Segment Start: Given information

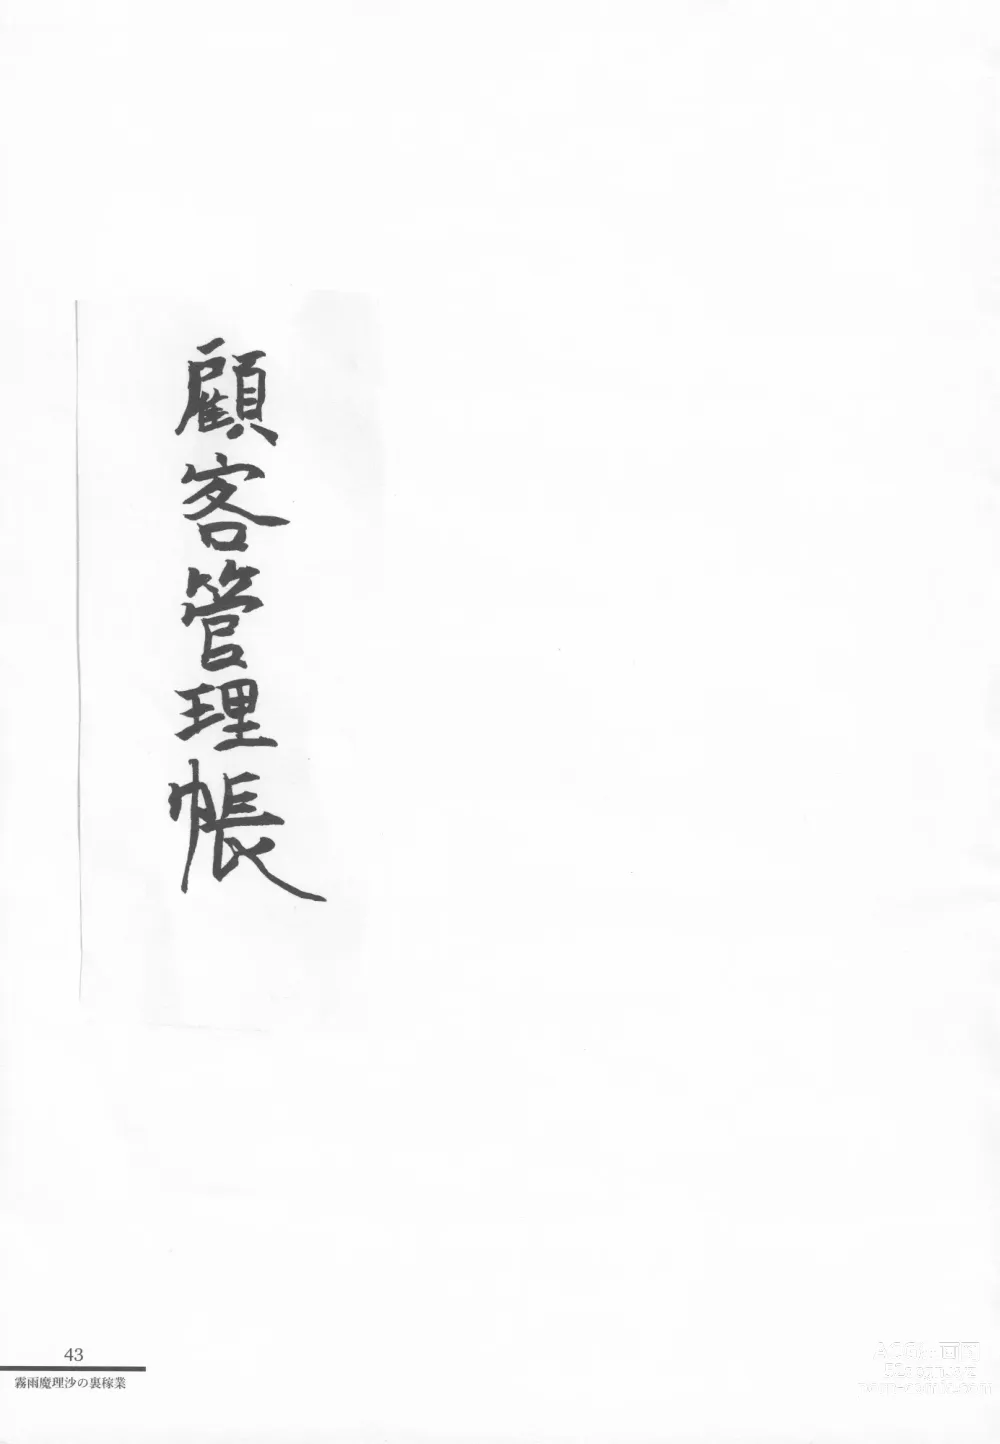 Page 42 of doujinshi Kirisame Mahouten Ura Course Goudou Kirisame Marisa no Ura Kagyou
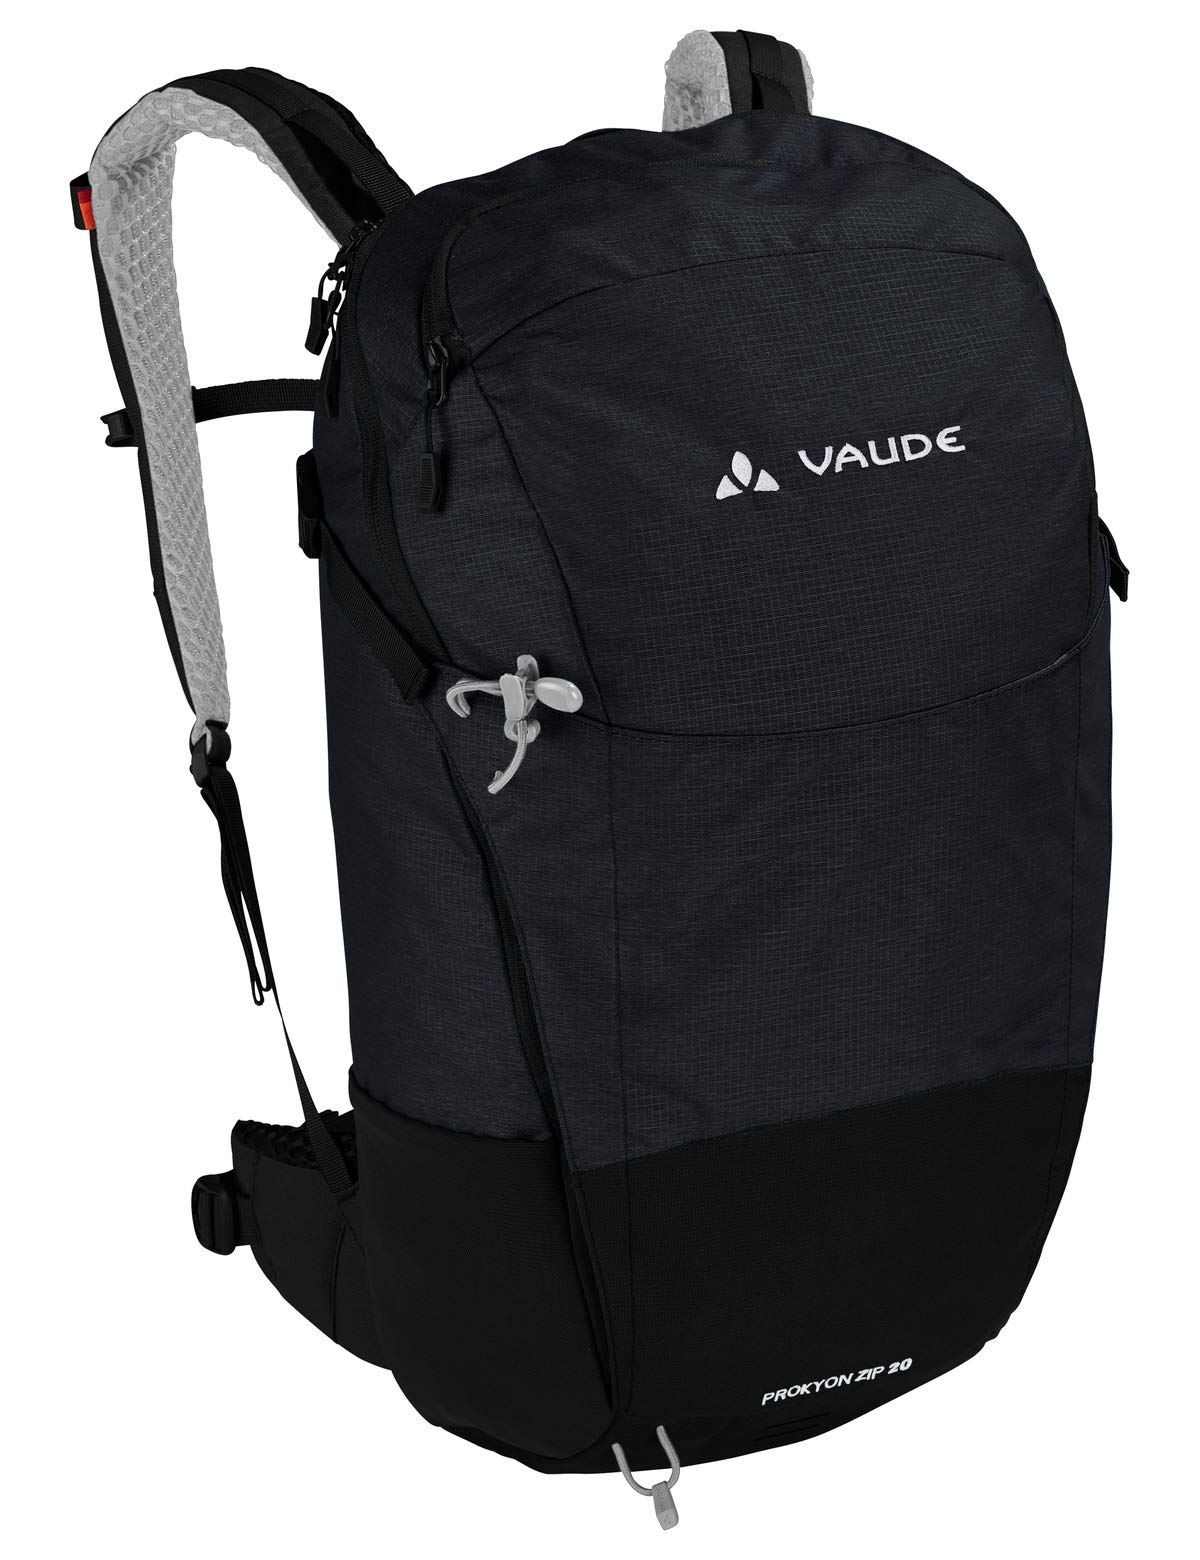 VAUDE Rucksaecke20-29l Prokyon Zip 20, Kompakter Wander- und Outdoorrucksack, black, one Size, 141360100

Segment End: Given information
Segment Start: Given information

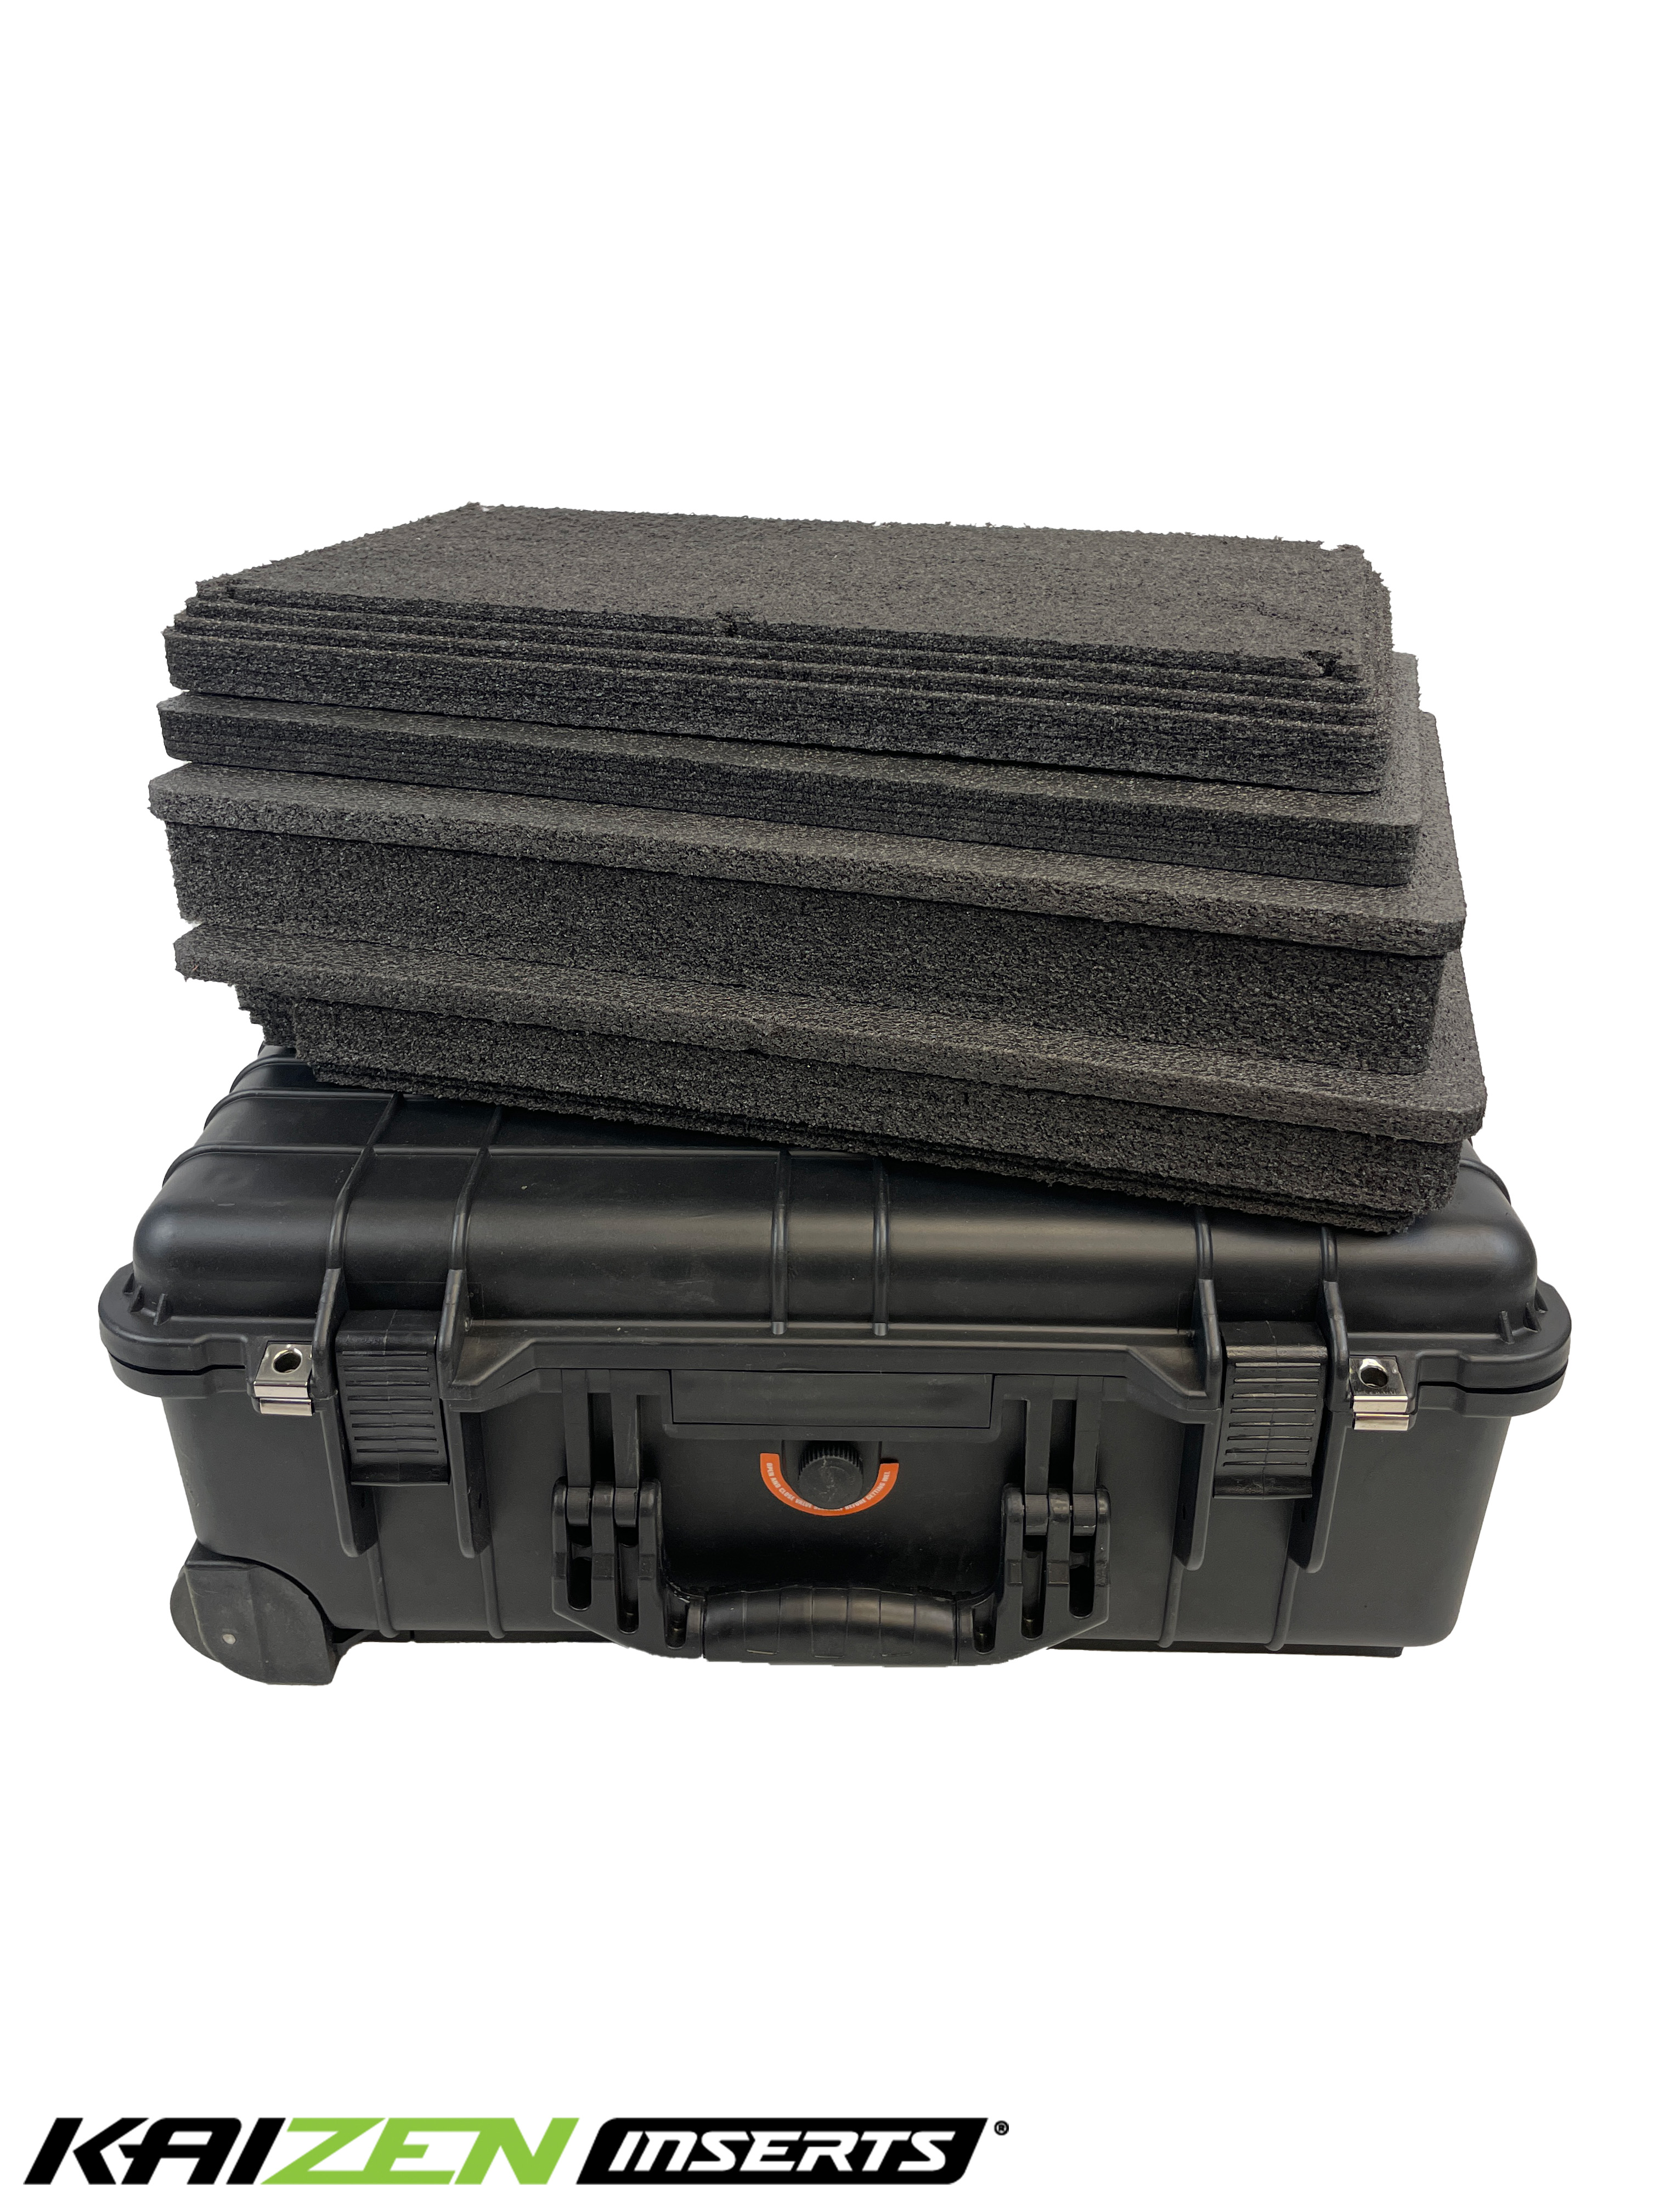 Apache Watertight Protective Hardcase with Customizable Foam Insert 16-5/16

Segment End: Given information
Segment Start: Given information

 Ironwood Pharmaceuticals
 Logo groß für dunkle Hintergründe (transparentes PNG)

Segment End: Given information

What needs to be done ->
Where the listing above has a line with "Ironwood Pharmaceuticals", start there, and output every line exactly through the line with "Logo groß für", which is also included.

Reply to the exercise ->
 Ironwood Pharmaceuticals
 Logo groß für dunkle Hintergründe (transparentes PNG)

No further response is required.